_Required action:_ Word for word, please copy the listing below, with its pictures left out.

_Information shown:_
•••••
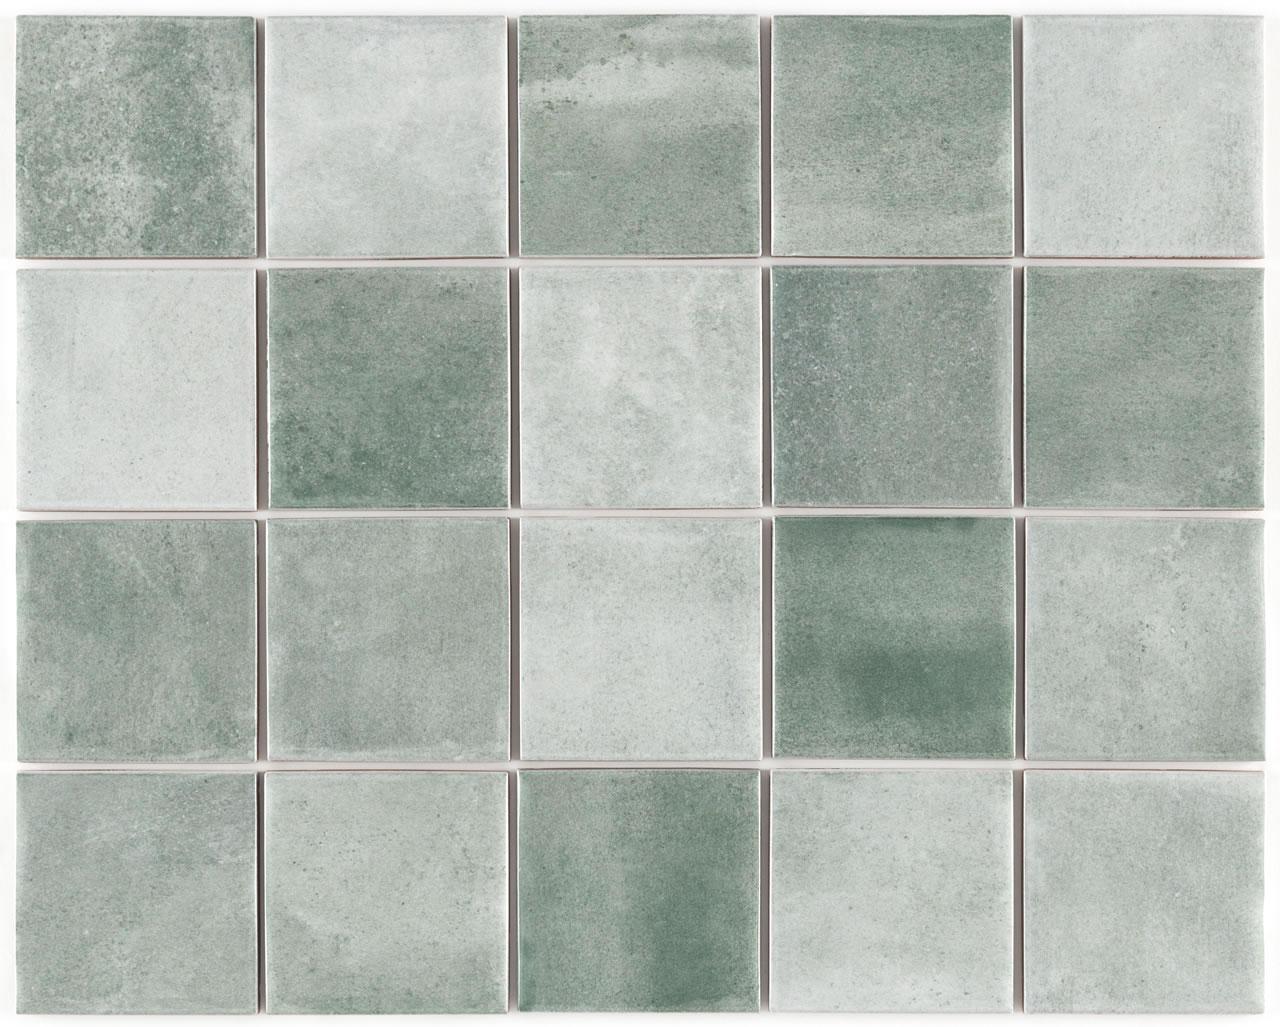 Noronha green mesh br 7.5×7,5
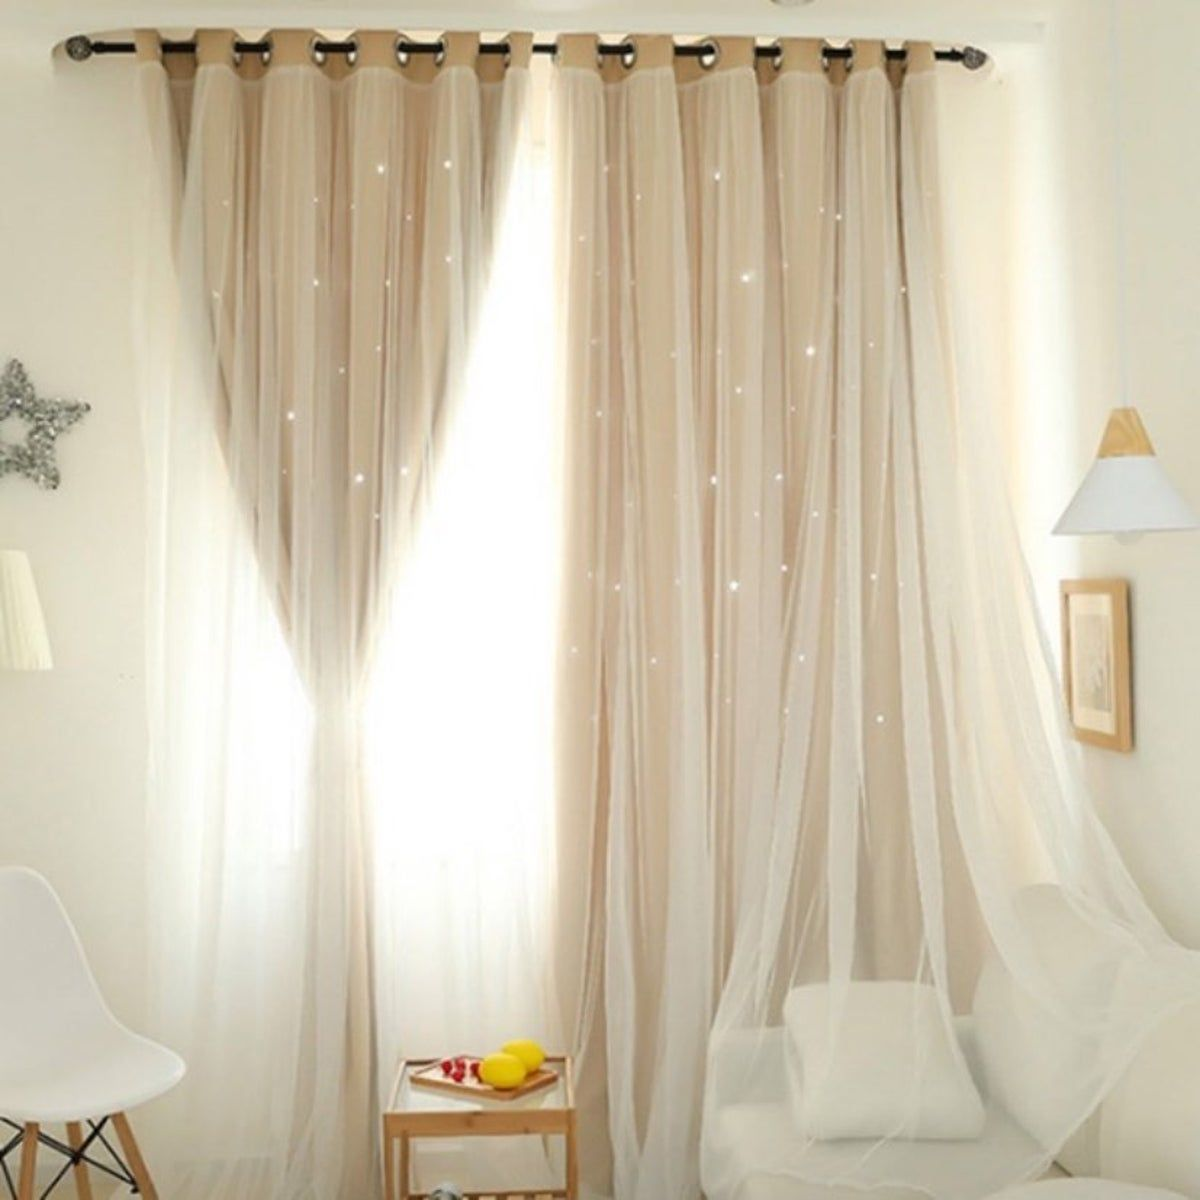 2 Pannel Ivory Star Shading Curtains On Mercari In 2020 Curtains Living Room Curtains Romantic Curtains
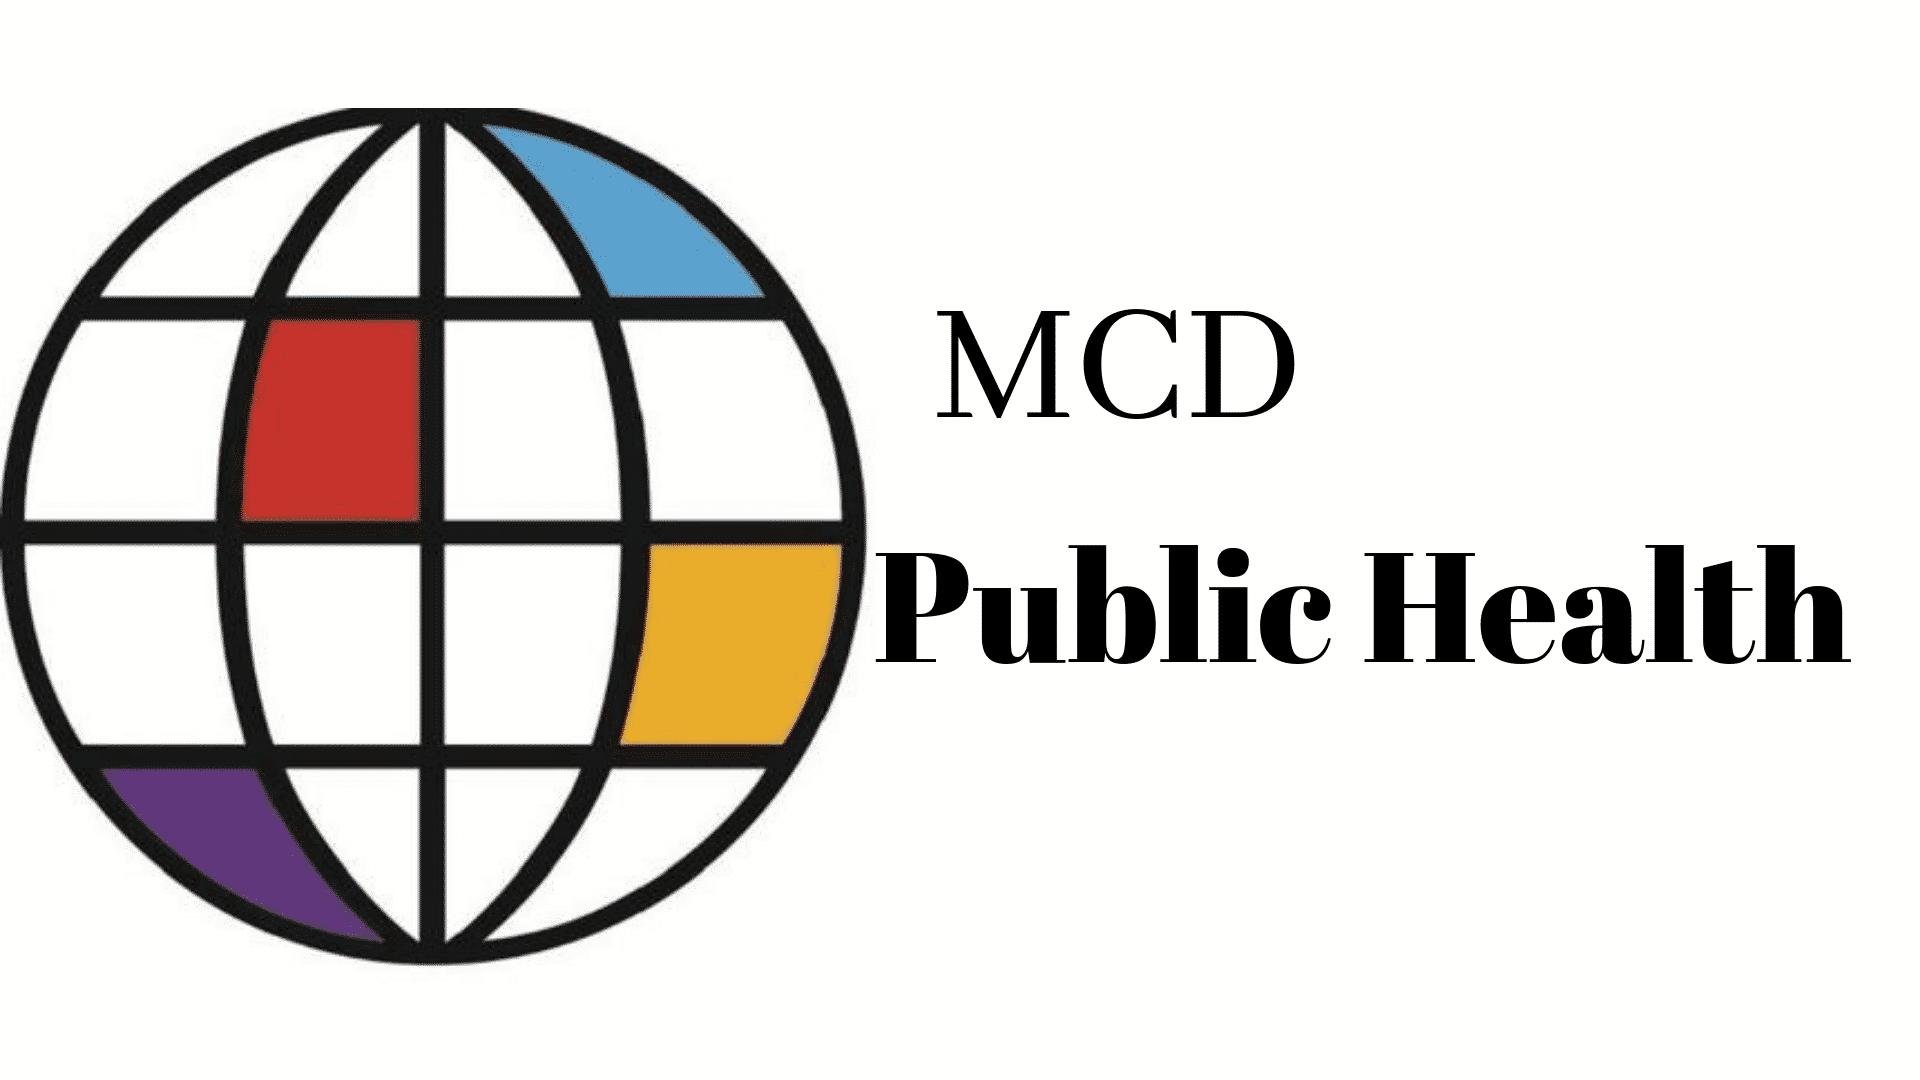 MCD Public Health
•••••
_Solution for this exercise:_
 Noronha green mesh br 7.5×7,5
 2 Pannel Ivory Star Shading Curtains On Mercari In 2020 Curtains Living Room Curtains Romantic Curtains
 MCD Public Health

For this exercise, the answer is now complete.